I remember seeing in some older books that a clean, thick towel worked well as a saddle pad, because it was easily washed, and a well-fitting English-style saddle shouldn't need a pad for any reason other than to protect the saddle from sweat anyway. A somewhat-local Saddlebred barn uses towels under their saddles, too - you shouldn't see a pad on a Saddleseat horse, and a towel protects the saddle from sweat and is easily folded to the correct size. Be aware that a good, thick towel is key here, not some cheapo one from the discount store. A good towel will not wrinkle under the saddle. 

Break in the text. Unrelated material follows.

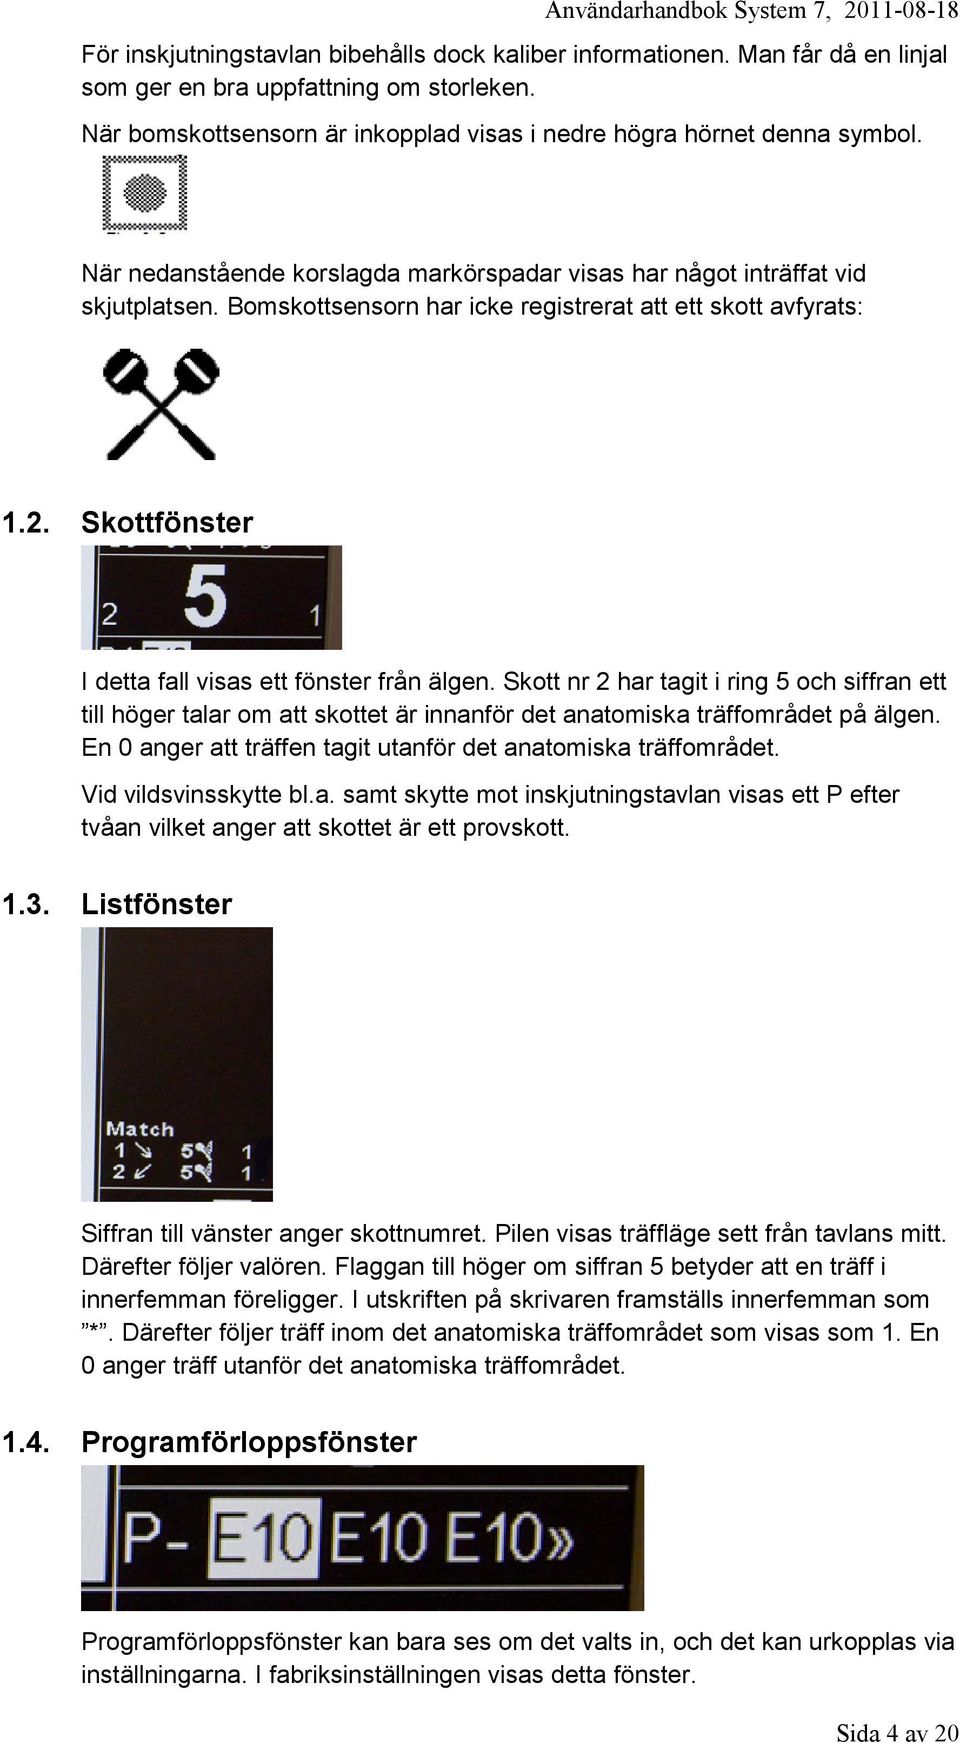 1 Teknisk specifikation. 2 Användarhandbok till kontrollenheten. 3 Bilaga  till användarhandboken. 4 Instruktion vid skjutplats - PDF Gratis  nedladdning

I would not do a DIY western pad-- western saddles are designed to be ridden with a thick pad, and inadequate padding can really sore a horse.


----------



## Woodhaven (Jan 21, 2014)

In my early years riding, the late fifties and sixties people often used a bath towel as a saddle pad, and I did use some bath floor mats, not the rubberized ones you see today and they made good saddle pads a little thicker than a towel and easily washed.


----------



## AndyTheCornbread (Feb 3, 2019)

If you want to make western pads of high quality like 5Star etc. you are looking for F10 wool felt e.g. https://www.thefeltcompany.com/f-10-wool-felt-1-thick-x-72-wide/

If you look at the price tag on that grade of felt you will see why those pads aren't cheap.


----------



## COWCHICK77 (Jun 21, 2010)

^^^ Supplies to make my pulled wool saddle pad wasn't much cheaper.


----------